= Valamram =

Indian saint (1824–1886)

Valamram (1824–1886) was a prominent Hindu saint and social reformer of the 19th century. He was a disciple of Bhoja Bhagat. He lived in Gariadhar. He was Guru-Bhai of Jalaram of Virpur.
== Early life ==
Valam was born in 1824 a member of the Kunbi caste to Lavaji Narayan Katrodia and Jabai. As a young man he met Bhoja Bhagat of Fatehpur, who had earlier appeared in his dreams. Bhoja Bhagat made him his disciple and gave him the kanthi and name of Valamram.

== Career ==
He started Sadavrat, a free feeding center at Gariadhar in 1870. He took live samadhi in 1886. As per promise by Valamram, the Dhwaja is hoisted atop Bhoja Bhagat's ashram at Fatehpur, on the latter's birthday. The Dhwaja is sent from Gariadhar by Valamram's Ashram The Ashram and feeding center started by him in Gariadhar, is still operating.
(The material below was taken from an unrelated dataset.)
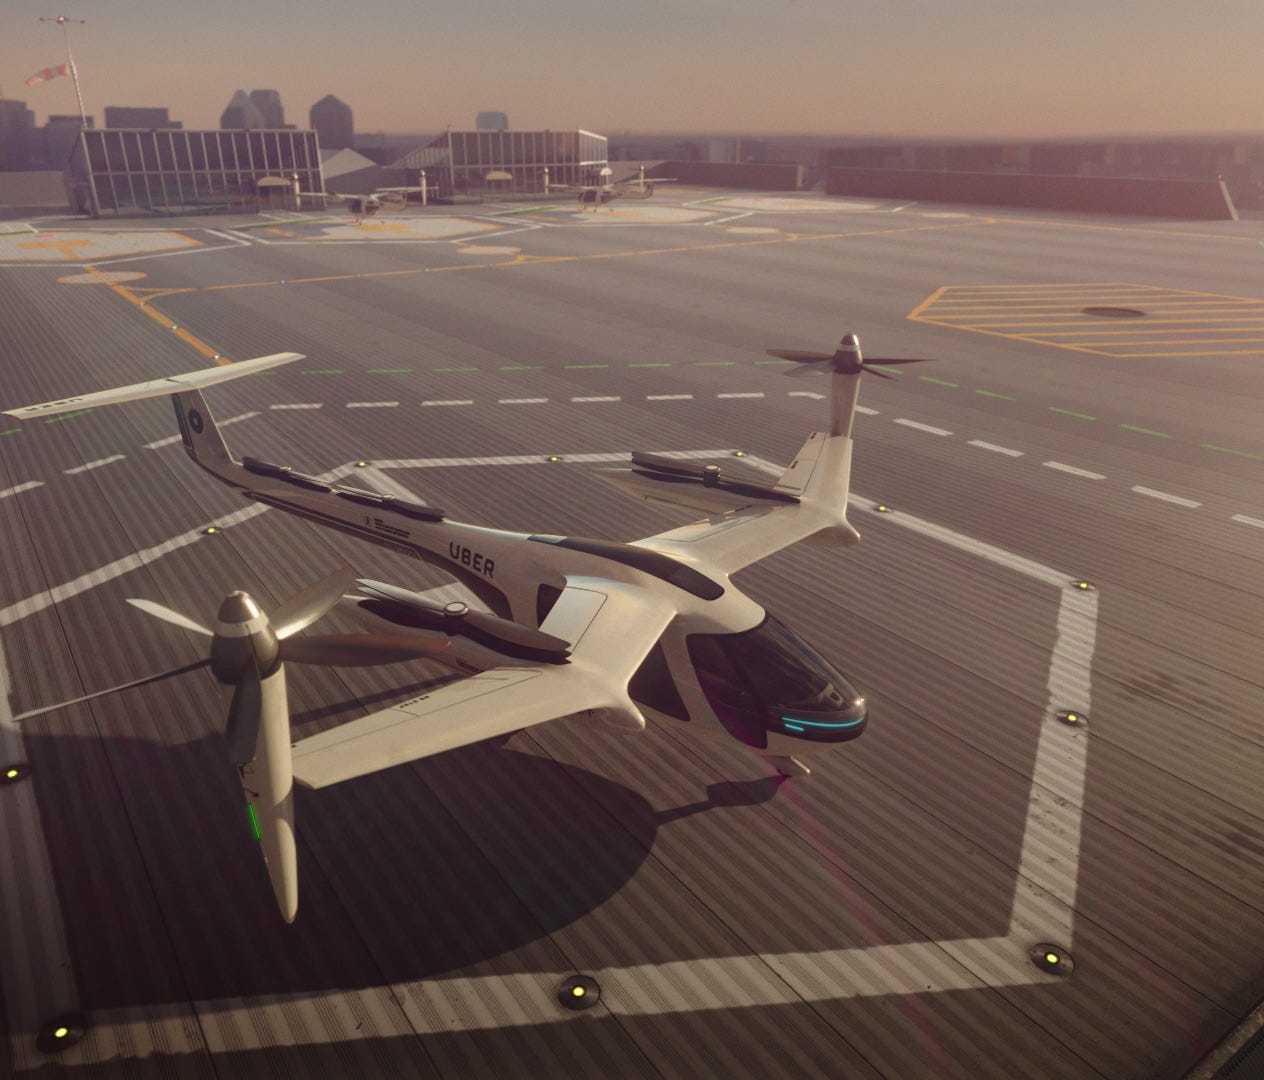 Uber announced it will bring flying cars to Dallas and now Los Angeles by 2020.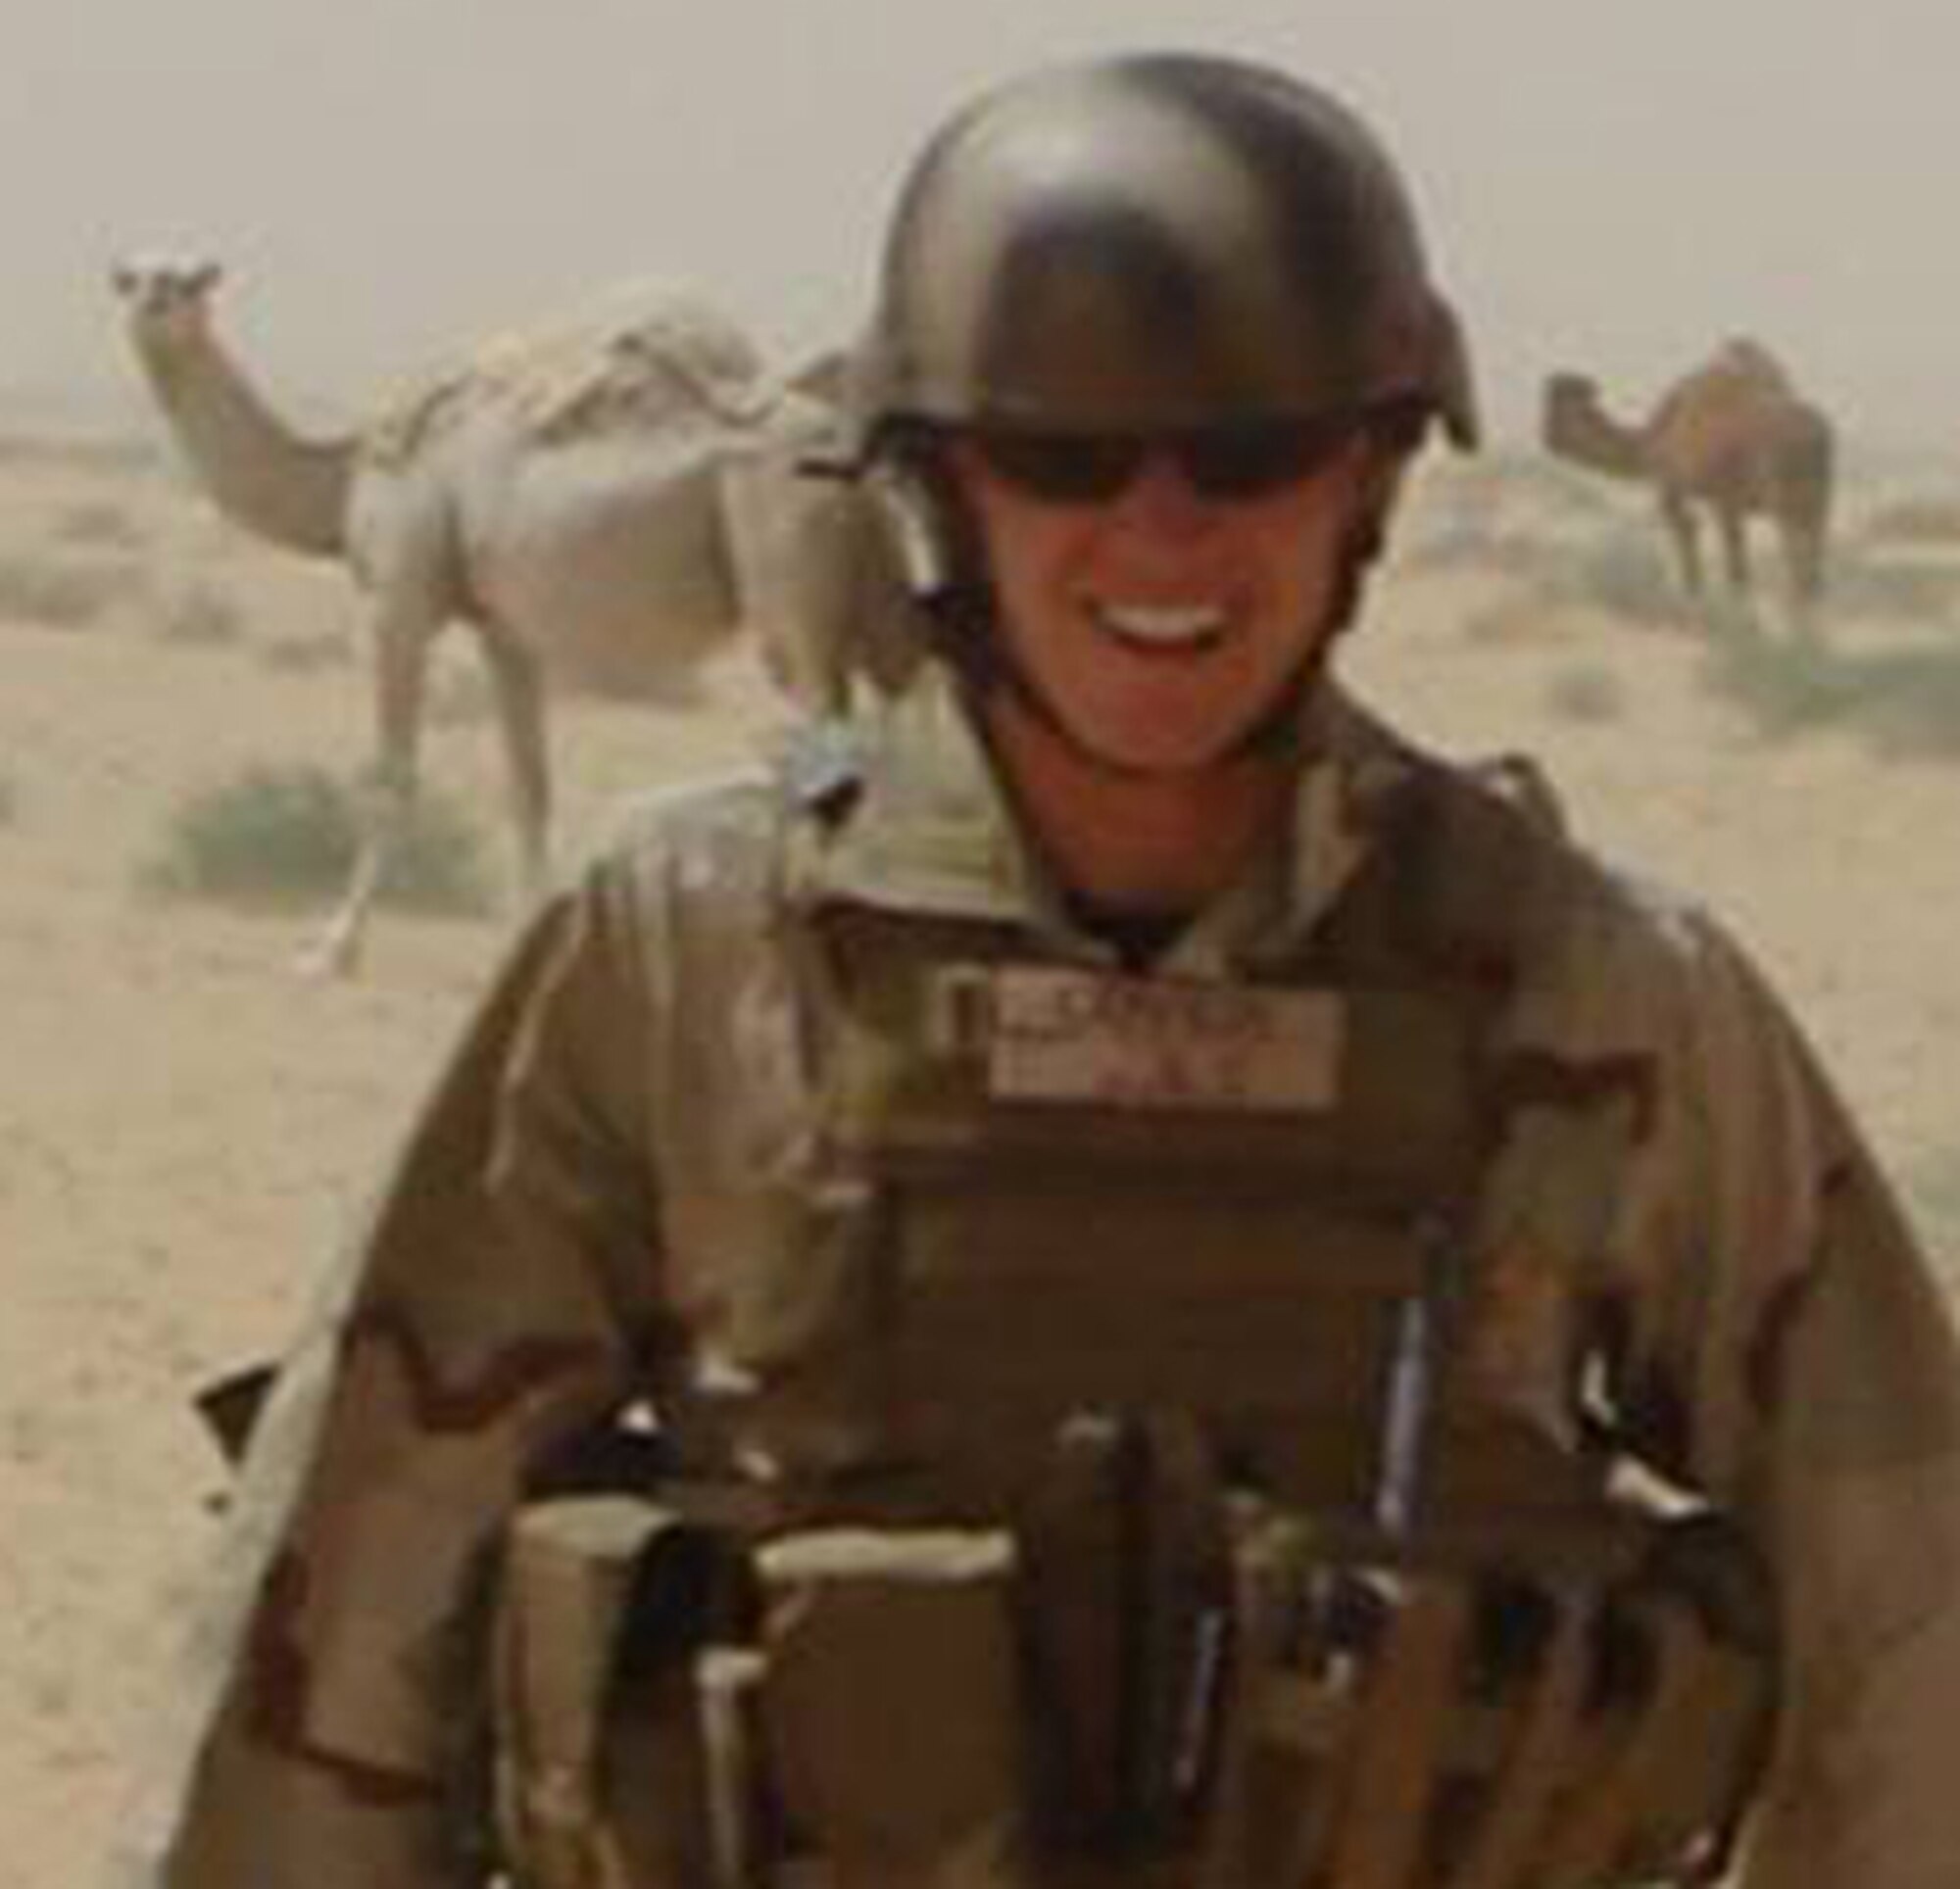 1st Lt. Leon Cover, CGO of the Year. As chief of intelligence operations, Lieutenant Cover deployed in support of Operation Iraqi Freedom.  During this time he led joint patrols for 10-person teams, directed troops under fire on five engagements and protected an unarmed search team with zero U. S. casualties. He also commanded and trained 57 joint personnel on convoy operations, and planned and led 26 OIF combat convoy operations. Lieutenant Cover volunteered 90 hours in support of a local church and community kitchen. (Courtesy photo)

In January, 2012, more than 150 year-old four metal idols of Sri Krishna of religious significance, were stolen from the Ashram. A folk-tale relates that two of the idols were presented to Valamramji by Lord Krishna, when he gave darshan to him. These idols were installed in temple inside the ashram by Valamramji himself. The other two idols were installed by Mahantas, who succeeded the ashram's gadi, after Valamram's demise. One day after the theft the idols were found lying inside a bag, left at the ashram's gate. Two metal idols were found broken and two intact. A procession was held to celebrate their return.